Akosoy 415 soy wax from Amazon


----------



## plumpvalley (Feb 19, 2019)

Thank you for the links. Soy is a staric acid alternative to Palm oil. I agree with the substitute reason. Can I ask you what percentage you use. I've read anywhere between 3% - 16% per batch.  I am asking so I calculate how much to buy to save on per oz. price


----------



## Dean (Feb 19, 2019)

plumpvalley said:


> Thank you for the links. Soy is a staric acid alternative to Palm oil. I agree with the substitute reason. Can I ask you what percentage you use. I've read anywhere between 3% - 16% per batch.  I am asking so I calculate how much to buy to save on per oz. price



I use 40% cuz I like a hard bar.  Decide ur desired hardness factor in the calc and adjust accordingly .


----------



## plumpvalley (Feb 19, 2019)

I spelled stearic wrong. 
Wow, you must go thru it! So, how much CO do you use? If you don't mind me asking. Read that is good to offset the soy with solubility and lather.


----------



## Dean (Feb 19, 2019)

This is my recipe.


----------



## plumpvalley (Feb 19, 2019)

Dean, thank you so much for sharing your recipe. And, thank you for the website link. 
Nice.


----------



## KiwiMoose (Feb 20, 2019)

I use 20% soy wax 415 in my soap, along with 20% - 15% coconut oil depending on my recipe. I also use about 10 - 15% Shea butter, and then the rest is soft oils ( usually 20% olive, 15% rice bran, 10-15% either avocado or apricot kernel, and 5 - 10% castor)


----------



## earlene (Feb 20, 2019)

I tend to use at least 30% soy wax, but that is not written in stone.  I am still open to experimentation with different oil mixtures.  I am not particularly fond of CO, so don't use it all recipes.  Within a soy soap recipe, I have used it as low as 10% and as high as 16% depending on the other oils in the mix.


----------



## SaltedFig (Feb 20, 2019)

earlene said:


> The 415 wax is called by other names by some vendors.  I believe the original vendor who gave it that name is Golden Foods or Golden Wax or something like that, but am not sure that is correct.  What you want is hydrogenated soy wax with a melting point somewhere within the range of about 120 - 125° F.  I have included a couple of links for suitable vendors.  I have used the Akosoy product from Amazon with good results in my soap.
> 
> Golden Wax 415 soy wax from Candle Science
> 
> Akosoy 415 soy wax from Amazon



The Golden Wax range of waxes (GW in GW415) was originally made by Golden Foods.
The brand was sold to the American company, AAK, in 2011
(https://www.candyindustry.com/articles/84027-aak-acquires-golden-foods-golden-brands)

The wax range named "Akosoy" is also owned by AAK (the GoldenFoods acquisition gave them 2 manufacturing sites) 
GoldenWax 415 (GW415) is labelled Akosoy415 on the 50lb boxes, according to Candlescience
(https://www.candlescience.com/wax/golden-brands-415-soy-wax)

The American manufacturer of the Golden Brand soy wax, AAK, mentions on their website that a non-GMO version is available
(They are a bulk manufacturer - smaller orders are likely to be directed to a wholesaler/retailer/distributer such as CandleScience or similar)
https://aak.com/applications/technical-products/candles/golden-wax/


----------



## plumpvalley (Feb 21, 2019)

Thank you so much for all of your responses.
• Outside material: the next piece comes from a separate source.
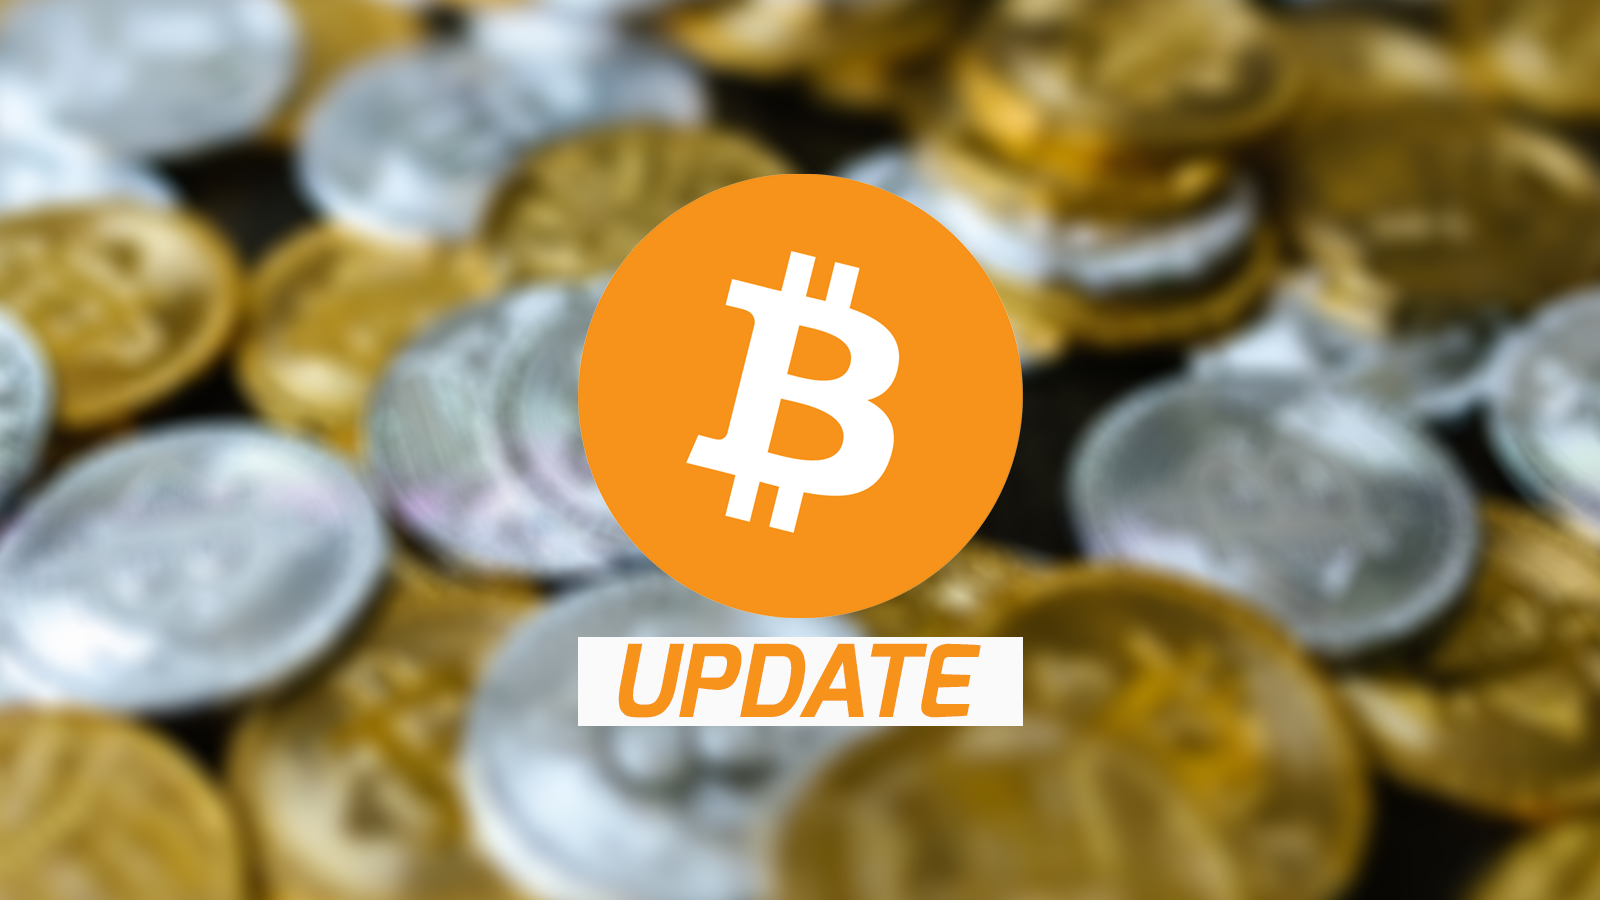 Bitcoin update price BTC flat crypto rising to worst case
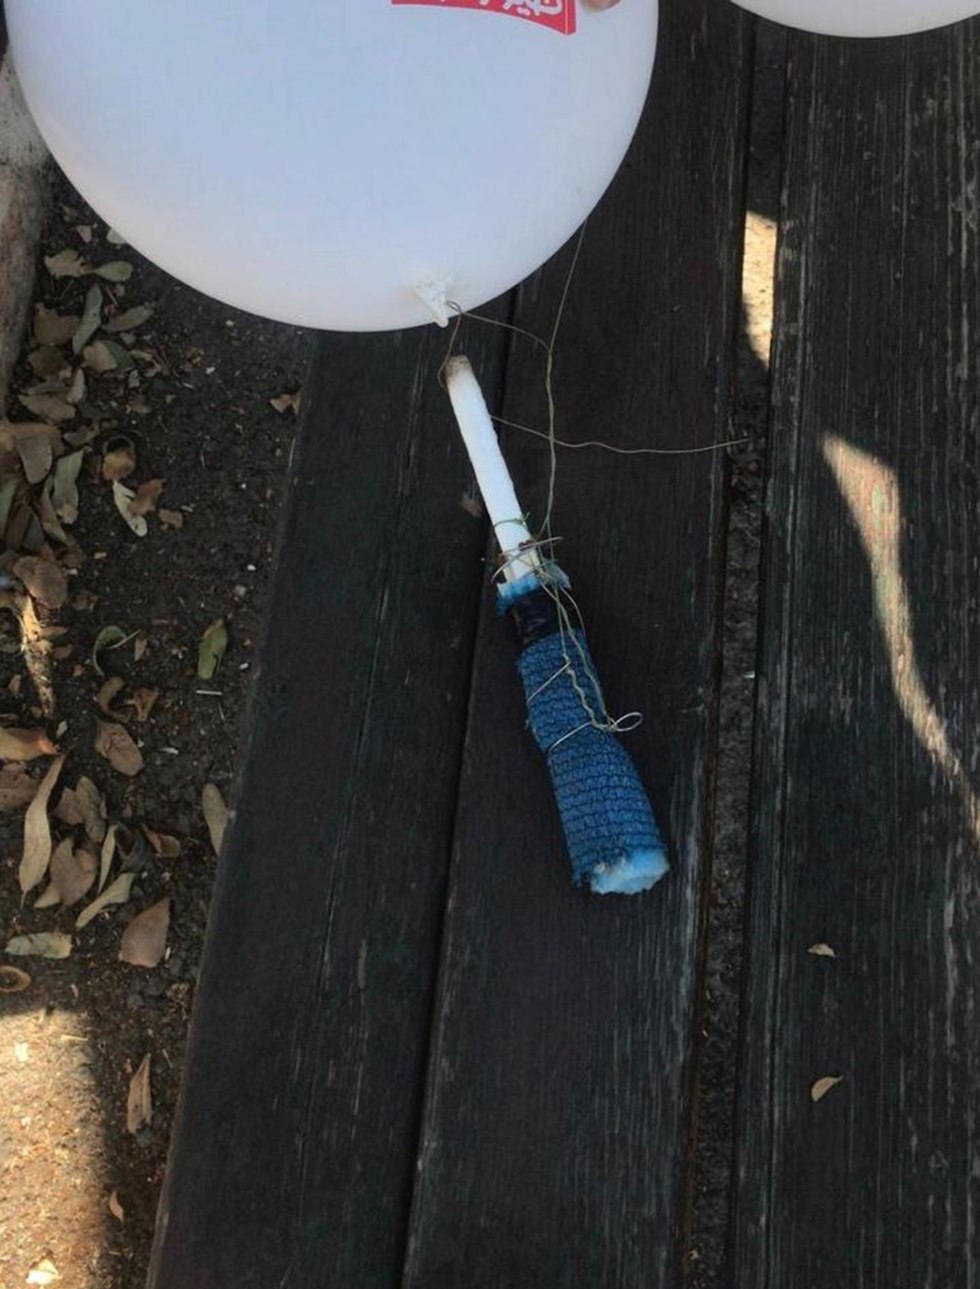 A balloon found in Jerusalem (Photo: Police Spokesman)

That is what my next question was going to be. If there are any non GMO.  I am not anti hybrid although I seek to avoid them. I am in the middle of the farming here in Wisconsin and soy is heavily sprayed with lots of Dupont dangerous chemicals.


----------



## earlene (Feb 22, 2019)

The soy I buy to eat does not come from here.  In fact, even though tons of soy beans are grown here, none of it grown for human consumption, which really surprised me when I moved here.  Finding soybeans for sale anywhere around here is nigh on to impossible, in fact.  Apparently in this part of mid-west soy beans are not considered people food as much as it was where I come from.  It's not even sold in the health food stores around here, at least not the ones I shop.   So I stock up when I travel West.  I sometimes make my own tofu using soy beans, so buying soy beans that haven't been drenched in pesticides  has always been a concern for me.

Here is an interesting report on nonGMO soybeans planting in the US:  https://non-gmoreport.com/articles/mar09/farmers_planting_non-gmo_soybeans.php

As far as non-GMO soy wax.  Some say there is no such thing, but I do believe that this will change as the trend to move away from genetically modified soy beans continues, so I expect some of you will see it in the future.   However, that may take some decades and I may not be around long enough to benefit.  So for now, I use what is available.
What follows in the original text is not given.